O'Connor's tenure on the Supreme Court is notable not just because she was the first woman, but also because of what she did in her 24 years there.

Joan Biskupic is the CNN Supreme Court analyst and author of "Sandra Day O'Connor: How the First Woman on the Supreme Court Became Its Most Influential Justice."

Joan, along those lines, you write in the book that her appointment didn't just change the court; it transformed the court. What do you mean by that?

Joan Biskupic, Author, "Sandra Day O'Connor: How the First Woman on the Supreme Court Became Its Most Influential Justice": It really did, John.

And it's great to be with you, even though at this moment we really feel some sadness, along with the weight of history, for how influential Sandra Day O'Connor was.

I like to say that she made history certainly by being the first woman justice on the Supreme Court, but, also, she was a real politician on the court.
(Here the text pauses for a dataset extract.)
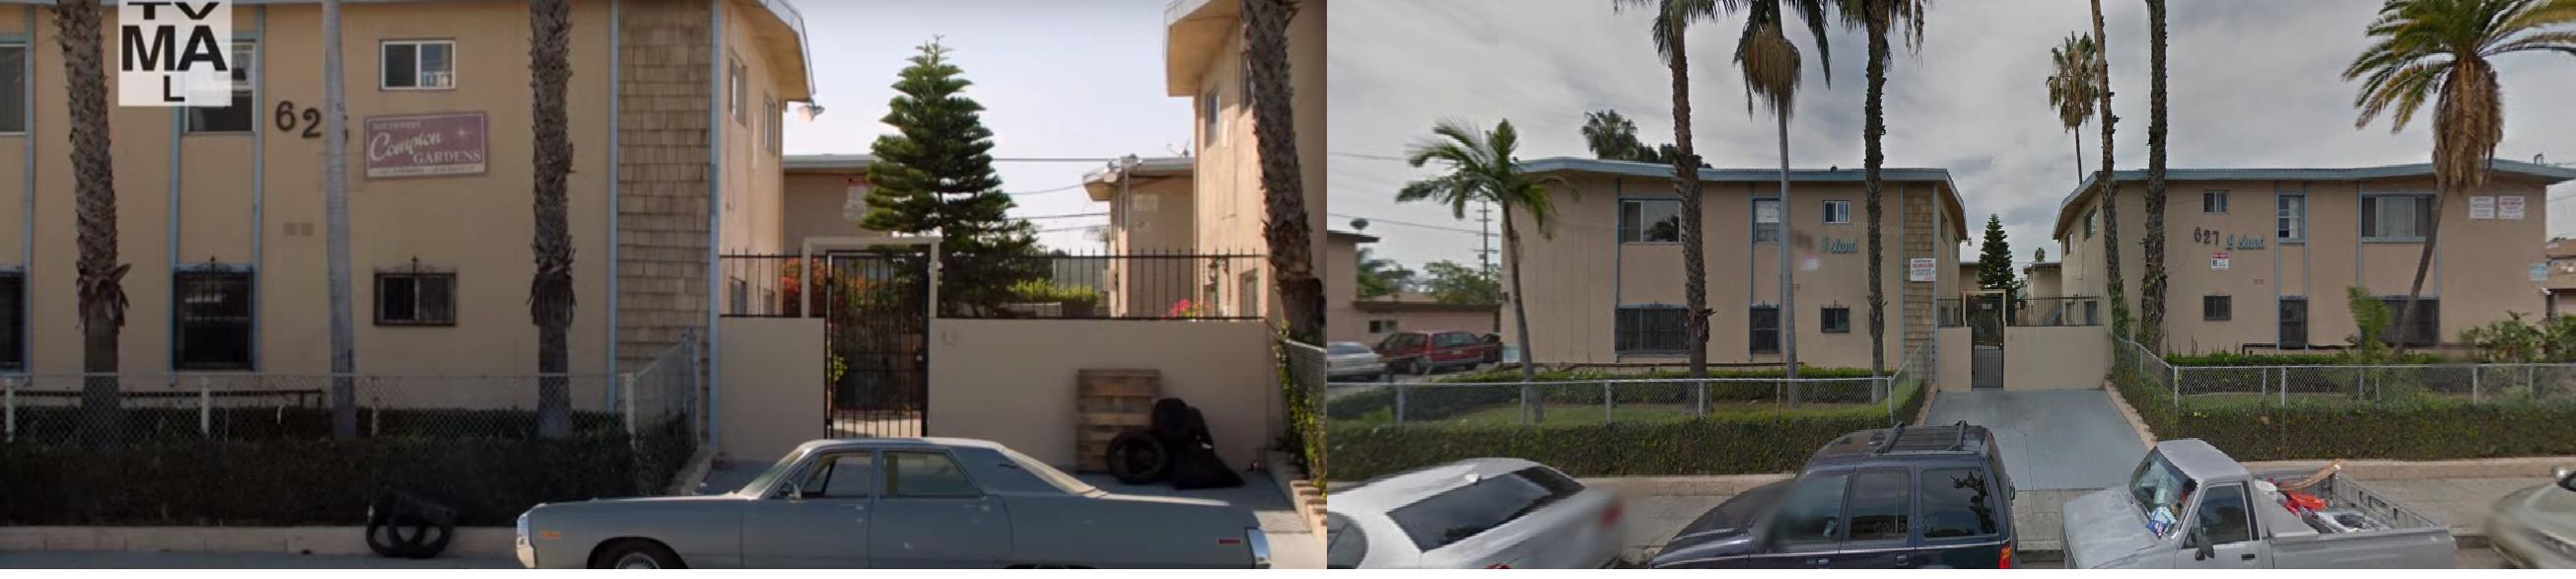 black-jesus-filming-locations-the-apartment

She came knowing how to count votes, knowing how to work consensus. And she had a very pragmatic style that involved not just trying to find the center of the law in America, but also trying to find the center of the court.

So there was no one like her before 1981, and there will be no one like her going forward. She influenced so many important areas that I — that you all just touched on, abortion rights, religion, racial affirmative action. But her overall approach was to ensure that, when those nine justices got together in the conference room with nobody else but them, that everyone walked away feeling like they got something.

Now, people were critical of that sort of consensus-building, center-of-the-court approach she had, but it really did steady the law in America in a way that we don't have right now.